# Cherry Grove Pier Report 10/16



## kingfisherman23 (Dec 14, 2003)

THE KINGS ARE BACK!!!

We caught four today between 2:30 and 4:00. A short juvenile 10-8 came in first. Then I caught my first king from CG, a 17-11. Vicki caught her first one also, a 131, and at the same time Pat was bringing in a 17-4.

Then as the sun was going down and the rigs were coming in we had one final run on literally the final rig in the water. After a short fight, Hoss brought a nice 15-5 to the gaff.

The spots were off and on today. The blues were pretty thick before 9:00 AM, and we ended up with blues on most of the rigs. But the blues didn't last and most of the kings today were caught on spots.

I fished a gold-hook rig at noon and caught a tiny spanish, a small blue and a 6# cownose ray.

Overall the best day I've had since I got here.
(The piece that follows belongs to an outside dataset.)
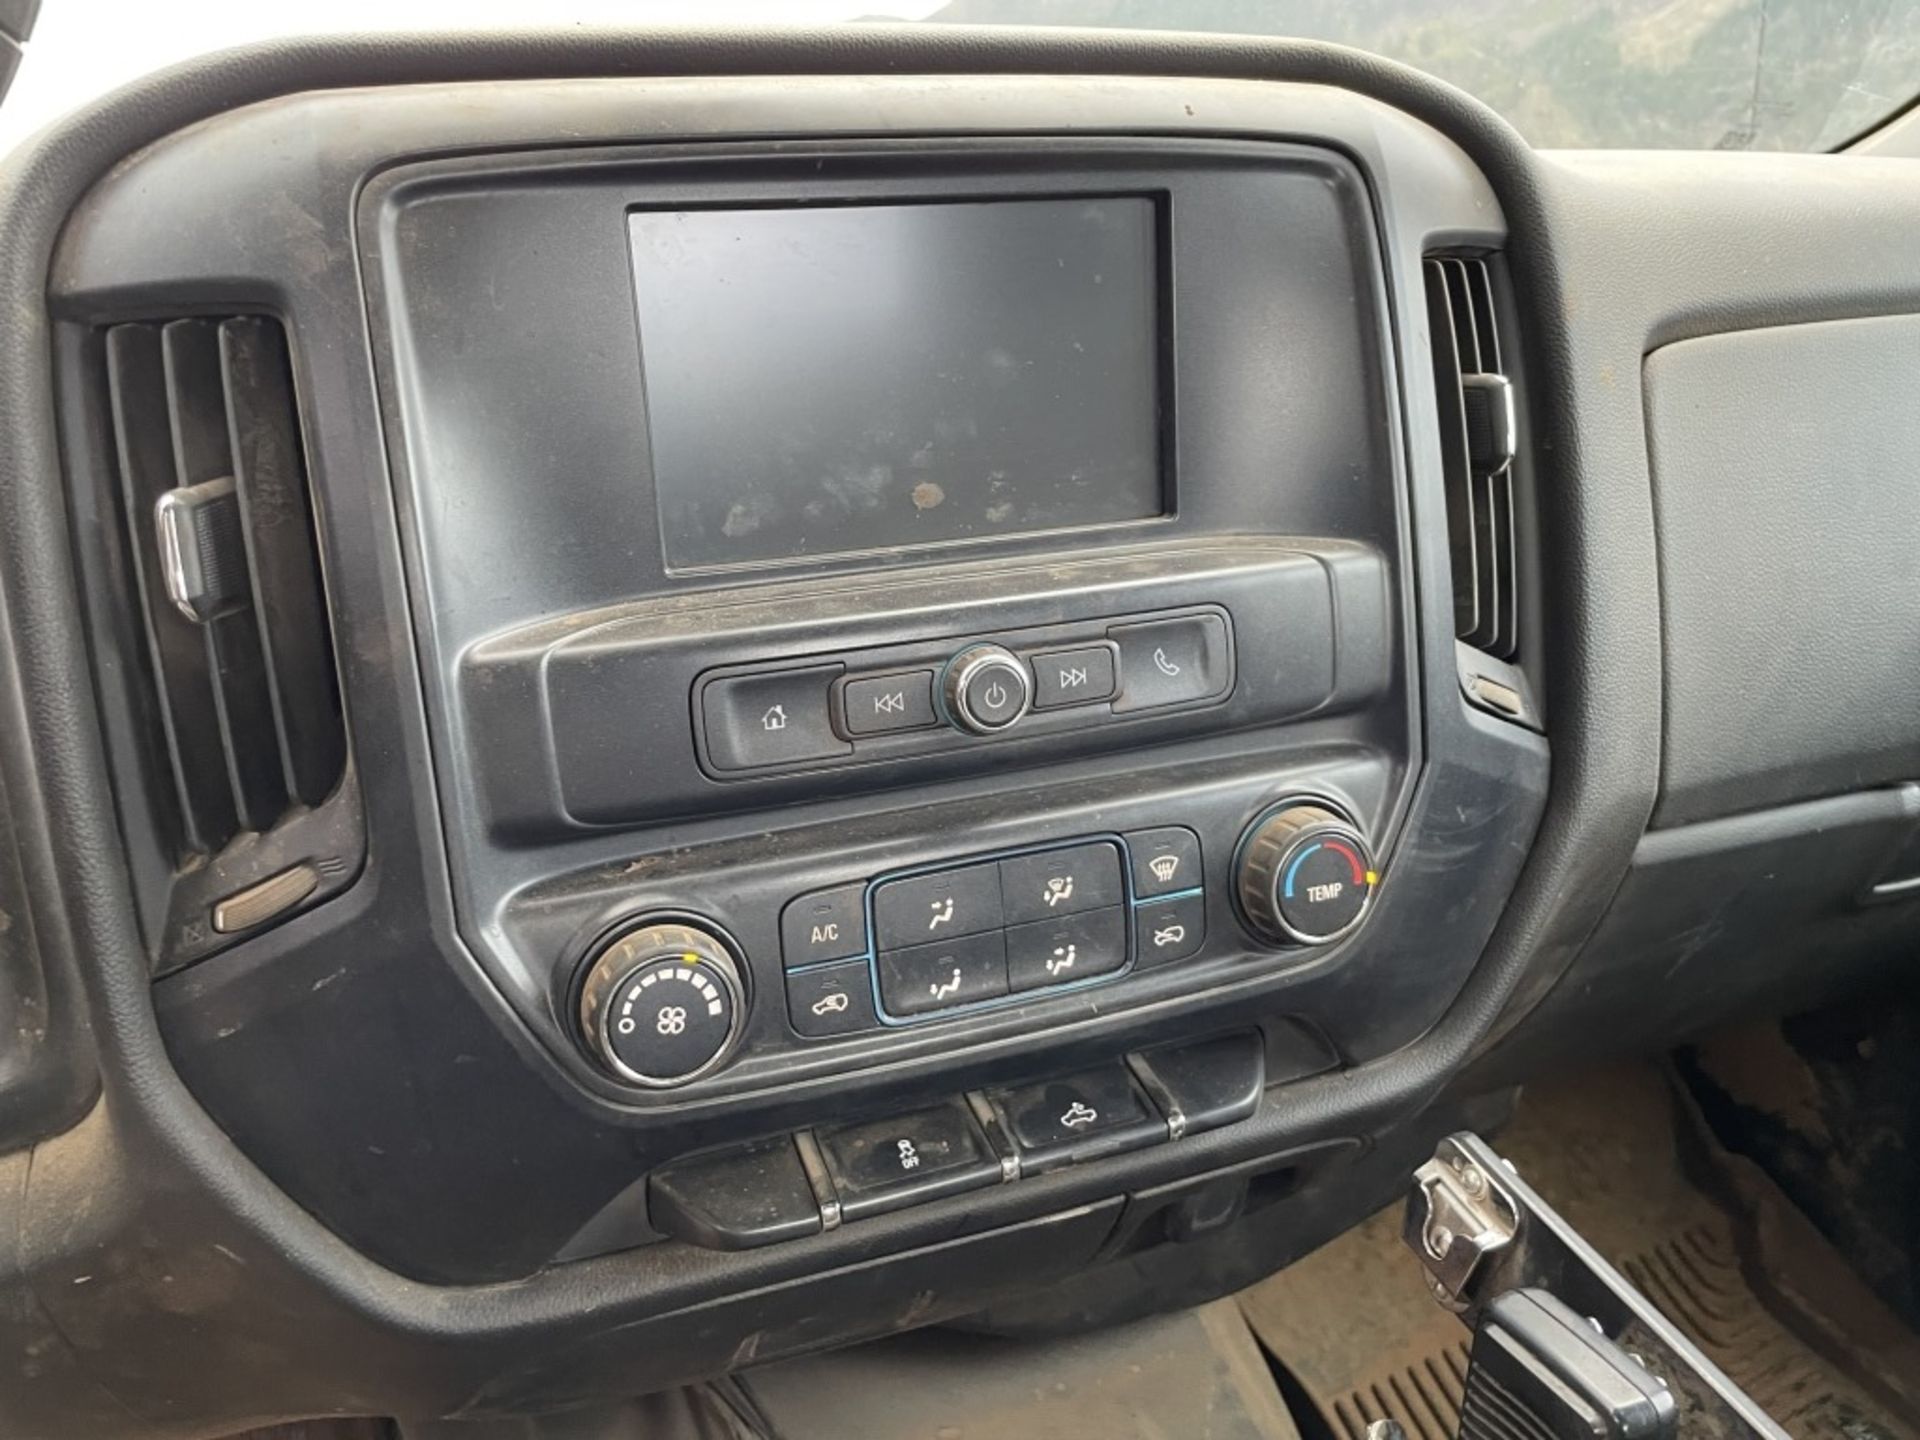 2016 Chevrolet 2500 HD 4x4 Crew Cab Pickup - Image 17 of 22

And I finally caught myself a king.

Sunrise over the rigs



















A full rail










Fighting a king










Me with my first king at CG, 17-11










Me and Vicki, wearing our newbie tails with pride










The last king, a great ending to a great day










And as soon as dinner is over, I'm headed back out!

Man, it's great to be fishing.

Evan


----------



## surfsidesativa (Jul 14, 2006)

Nice work. Cool necklace.


----------



## BubbaHoTep (May 26, 2008)

Great pics and Great Work!!!


----------



## Eddy Gurge (Aug 27, 2003)

Much better picture you have now, instead of the car 

Nice!


----------



## RuddeDogg (Mar 20, 2004)

Great work guys.


----------



## ba0021 (May 23, 2007)

where are the big spots in SC


----------



## kingfisherman23 (Dec 14, 2003)

*Pier Report 10/17*

The spot were off again. In the morning there were lots of blues hitting bottom rigs and the king baits, but they shut off around 11.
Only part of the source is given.